Я выпрямилась:
– Ты не должна отказываться от своего желания.
– Но как я могу? Это же будет, как будто я пытаюсь заменить ее…
Раздались оживленные голоса в прихожей, я поднялась и начала собирать тарелки. Обойдя вокруг стола, чтобы взять ее тарелку, я успела шепнуть, пока гости не вошли:
– Ты не должна отказываться от своего желания.
Еще трое человек, кроме Пола, стояли в носках на пороге идеальной комнаты, их глаза слегка поблескивали от выпитого, все четверо словно принюхивались к происходящему.
Я выскользнула в сад, за спиной слышалось: «Мы ворвались не вовремя. Вы обедаете. Мы уходим». Потом протесты Пола, потом согласие: «Хорошо, спасибо. Останемся ненадолго».
Я сидела в саду, облизывала клейкий обрез сигареты, когда послышался шорох за спиной. Мне захотелось вскочить со скамейки и по-детски дать стрекача. Вряд ли это Пол или Люси, а кроме них, я никого не хотела видеть.
В поле зрения показалась высокая фигура. В оранжевом свете городских фонарей я смогла разглядеть, что это Грэм, я встречала его раньше.
– Можно к вам присоединиться? – В последнее время мужчины не часто искали моего общества, и все же я предпочла бы остаться одна.
– Пожалуйста.
– Если честно, хочу у вас сигарету стрельнуть. – Он наклонился ко мне. Его бородатый профиль в полумраке напоминал гравюру.
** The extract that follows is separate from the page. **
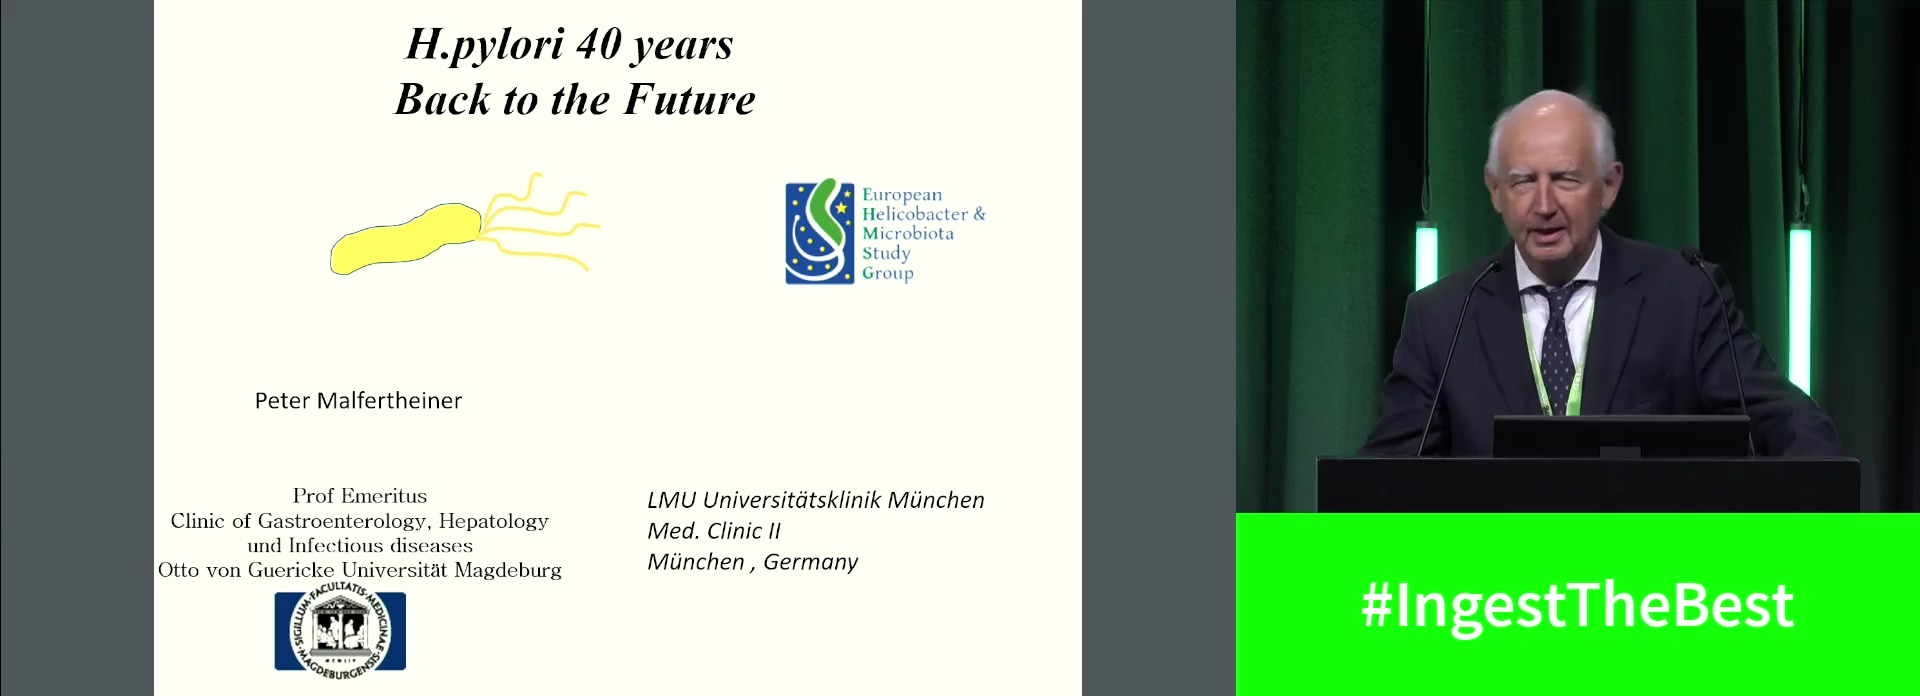 Introduction: 40 years of H. pylori : Back to the future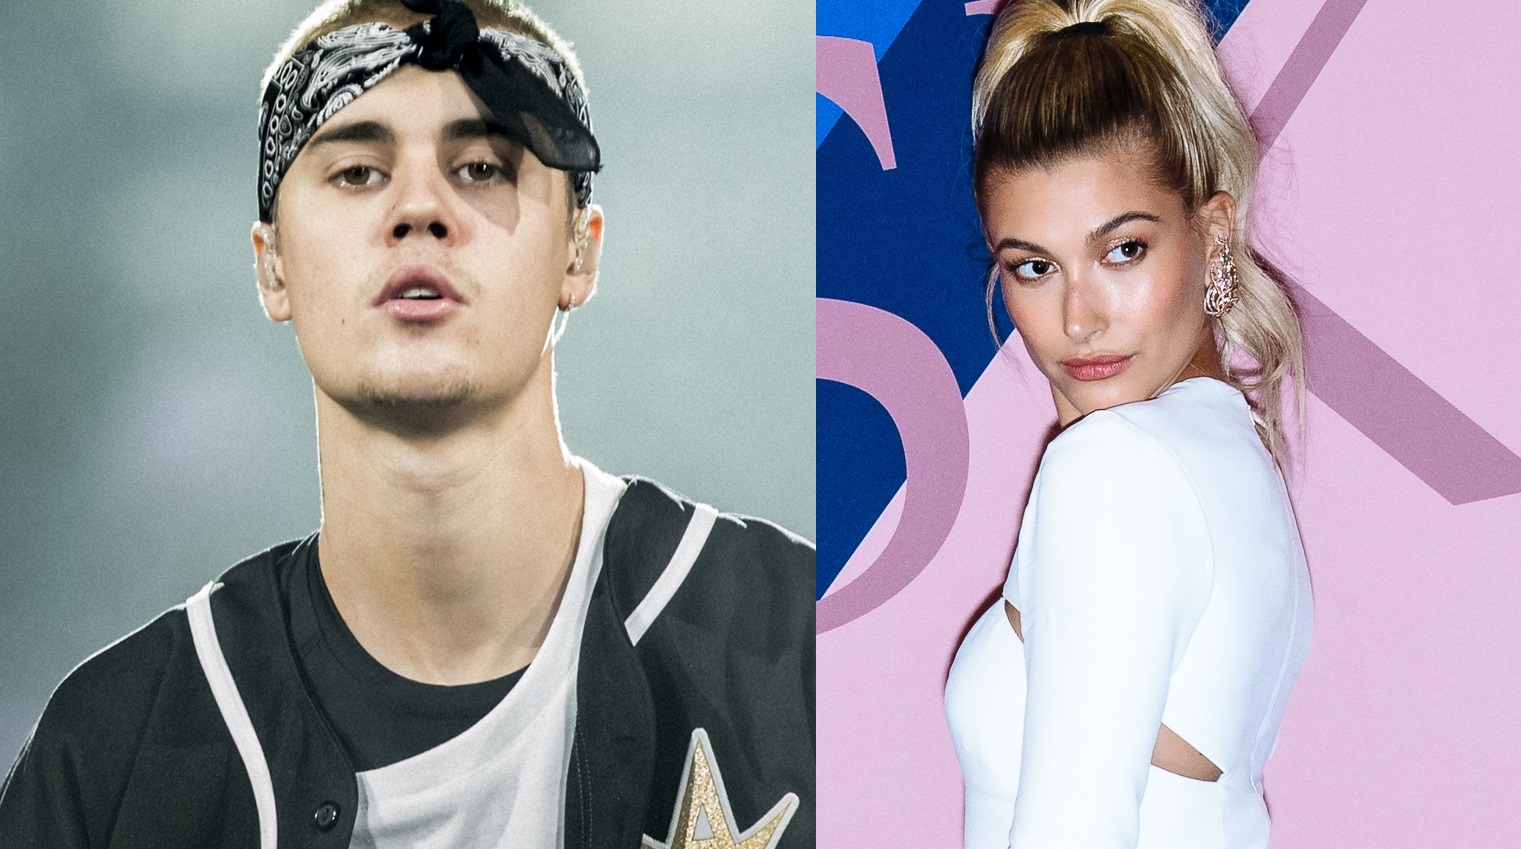 Justin Bieber, left, and Hailey Baldwin, right, announced they were engaged in early July 2018

– «Стрелок»? – Я протянула ему пачку.
– Боюсь, что да.
Он приступил к делу так неумело, что я прекратила издевательство над сигаретой и сама свернула ее. Он зажег сигарету, и мы оба сидели и курили. Я вспомнила, что при первой встрече он заговорил со мной, рассказал, что преподает инженерное дело в местном технологическом колледже, что он никогда не был женат, но у него есть дочь, с которой он встречается два раза в месяц по выходным. Я ничего не говорила ему о себе, даже то, что я бывшая жена Пола. Где найти слова, чтобы все рассказать? В другой раз, когда мы пересеклись, он заставил меня смеяться, и я оказалась к этому не готова. Я не хотела, чтобы меня смешили. Я очень рано ушла, а позже осознала, что была в его глазах какая-то человечность, которая меня зацепила. Этим вечером я не видела толком его глаз в слабом оранжевом свете.
– Я мать той самой пропавшей девочки, – выпалила я. Это его сразу отвадит от меня, подумала я.
– Я знаю, – тихо заметил он.
Когда два дня спустя он появился в моем доме, я опять предложила ему сигарету.
– На самом деле ненавижу курить. Бросил двадцать лет назад. Я просто искал повод заговорить с вами. Прескверно себя чувствовал после той сигареты.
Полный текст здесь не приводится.